Aim of the exercise.
Produce an exact transcription of the data, with the images left out.

### Data section

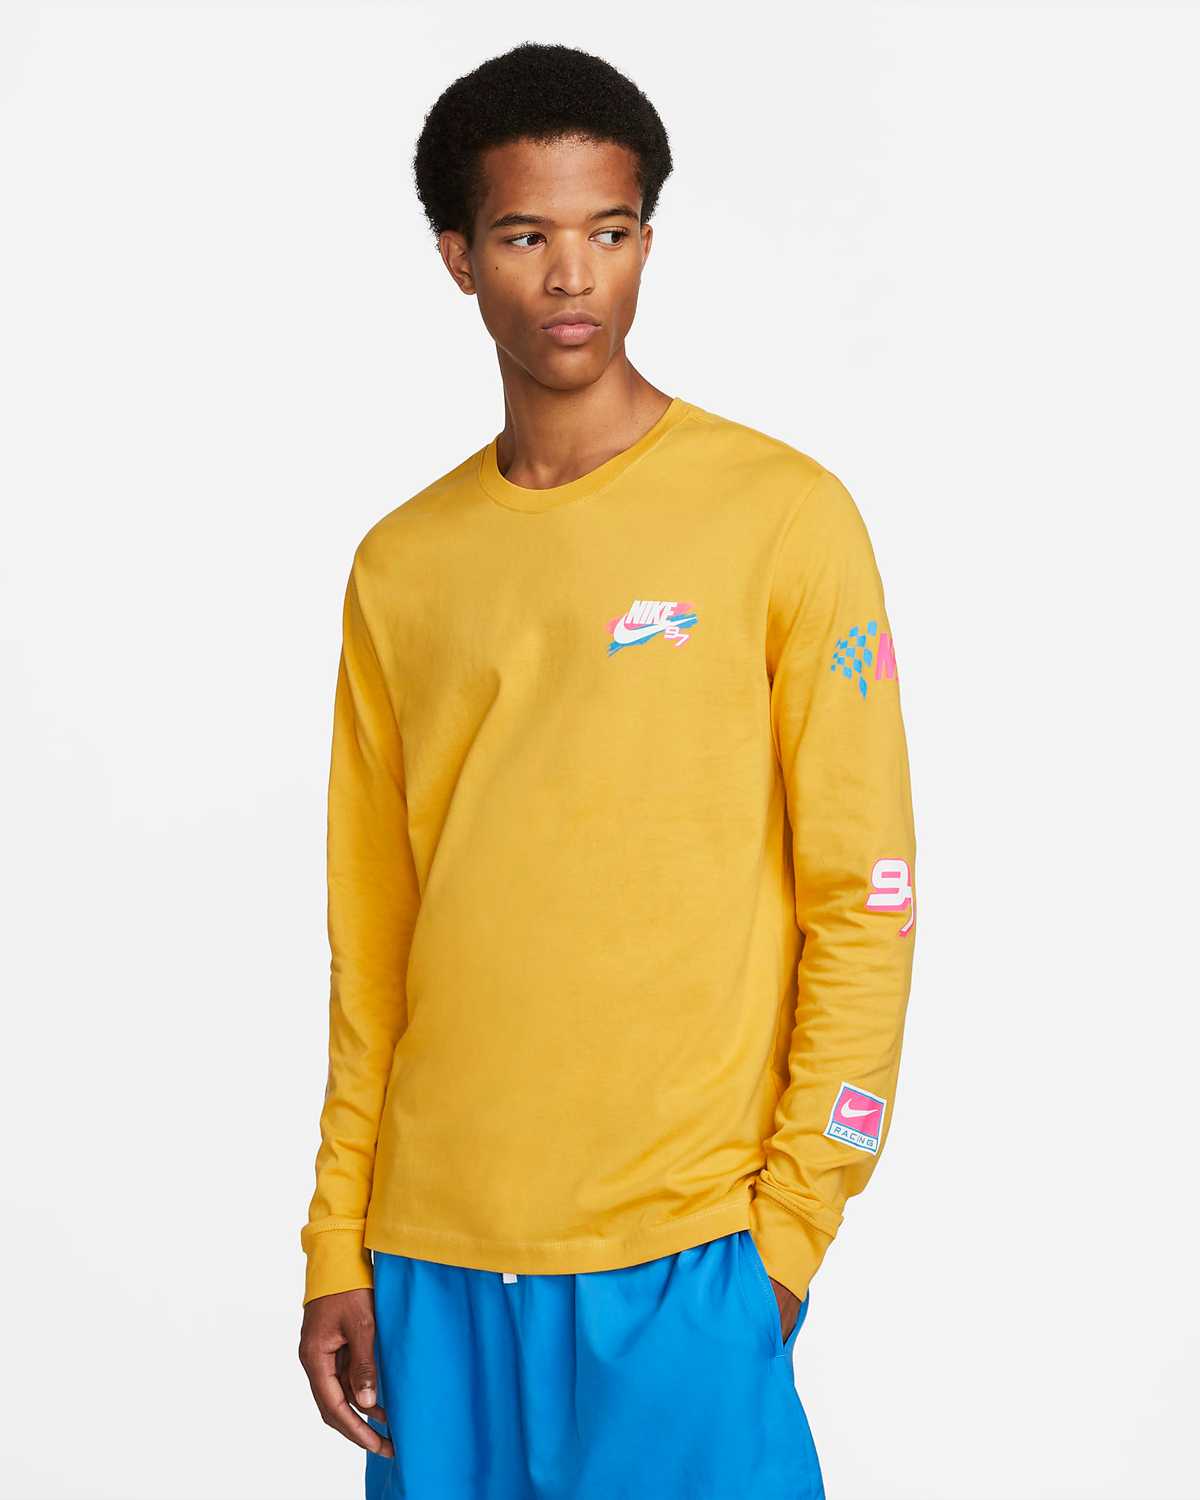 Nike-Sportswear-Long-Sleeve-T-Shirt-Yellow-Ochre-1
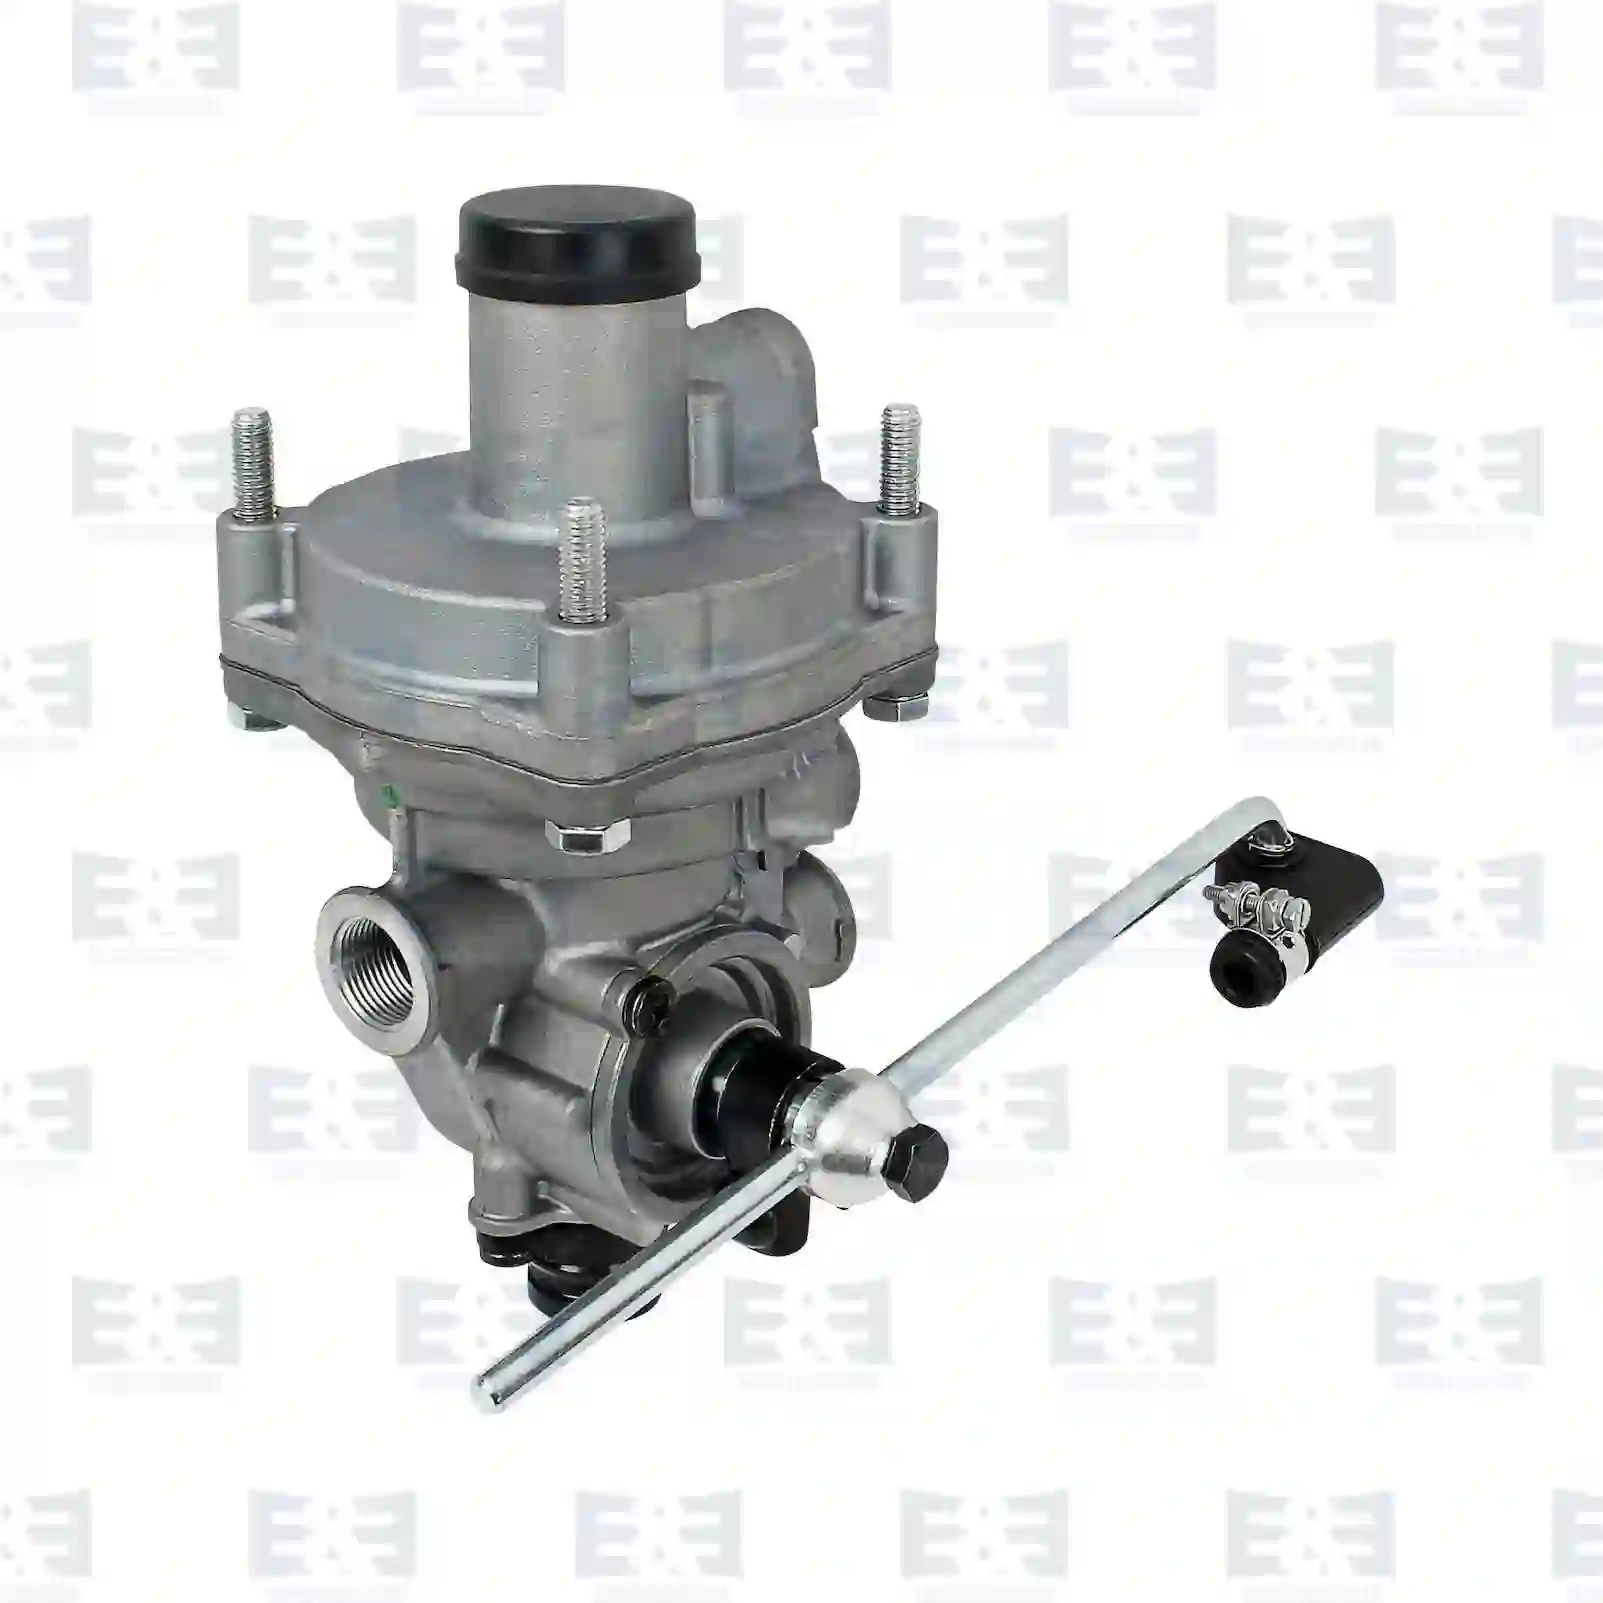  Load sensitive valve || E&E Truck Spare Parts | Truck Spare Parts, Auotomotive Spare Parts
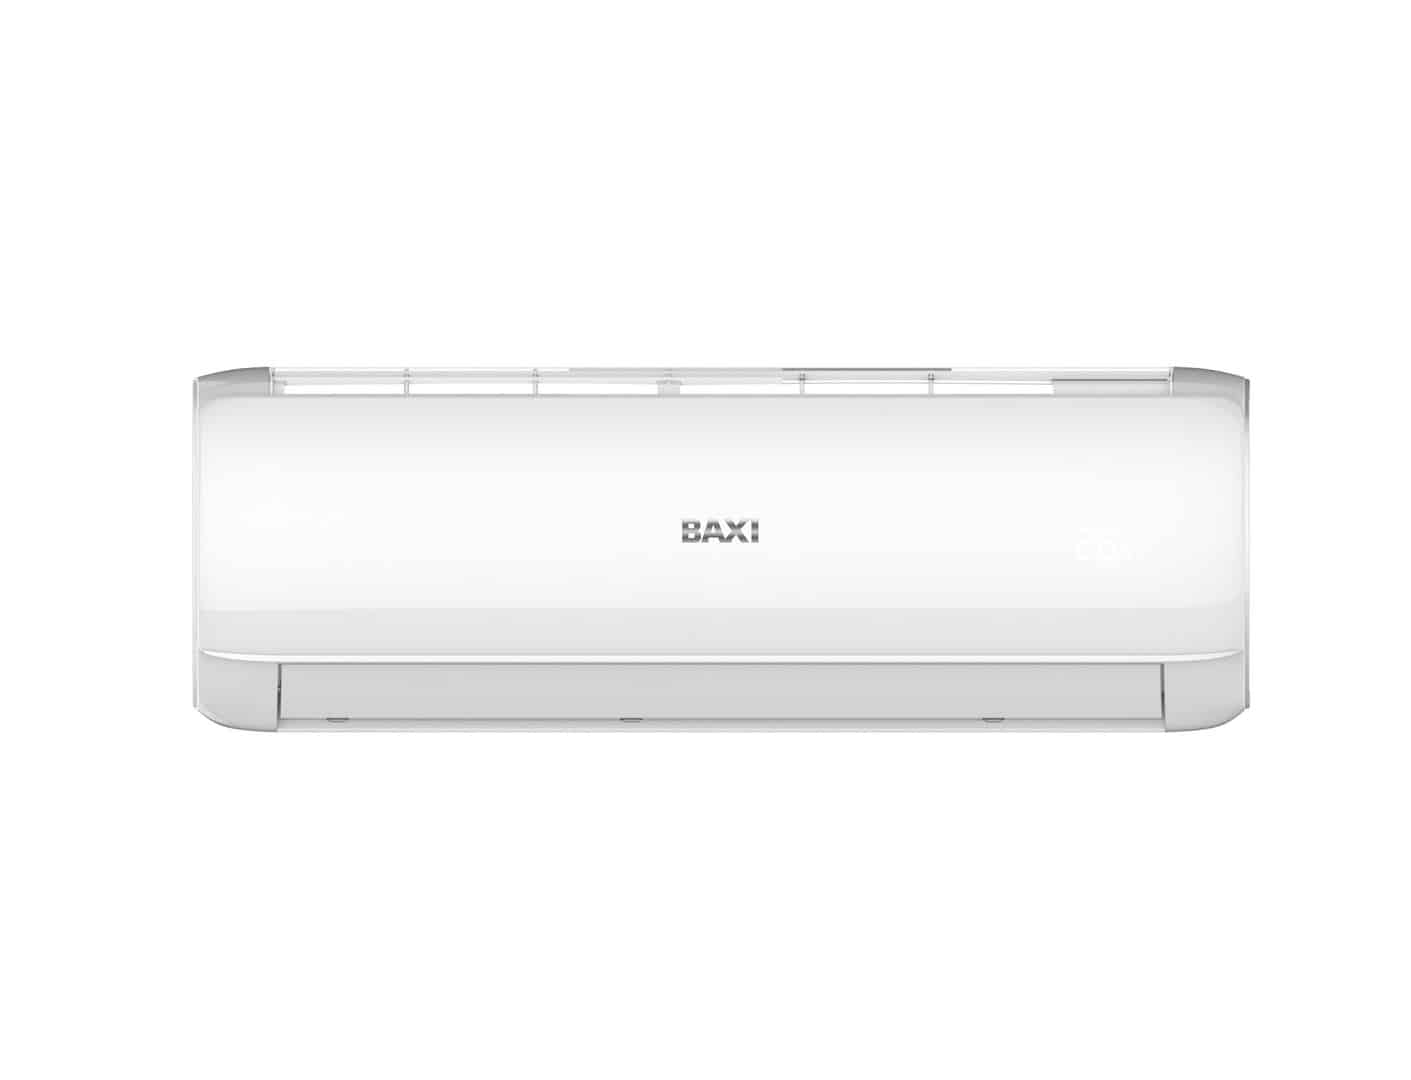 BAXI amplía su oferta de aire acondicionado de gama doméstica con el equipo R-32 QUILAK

######

Task response.
 Nike-Sportswear-Long-Sleeve-T-Shirt-Yellow-Ochre-1
  Load sensitive valve || E&E Truck Spare Parts | Truck Spare Parts, Auotomotive Spare Parts
 BAXI amplía su oferta de aire acondicionado de gama doméstica con el equipo R-32 QUILAK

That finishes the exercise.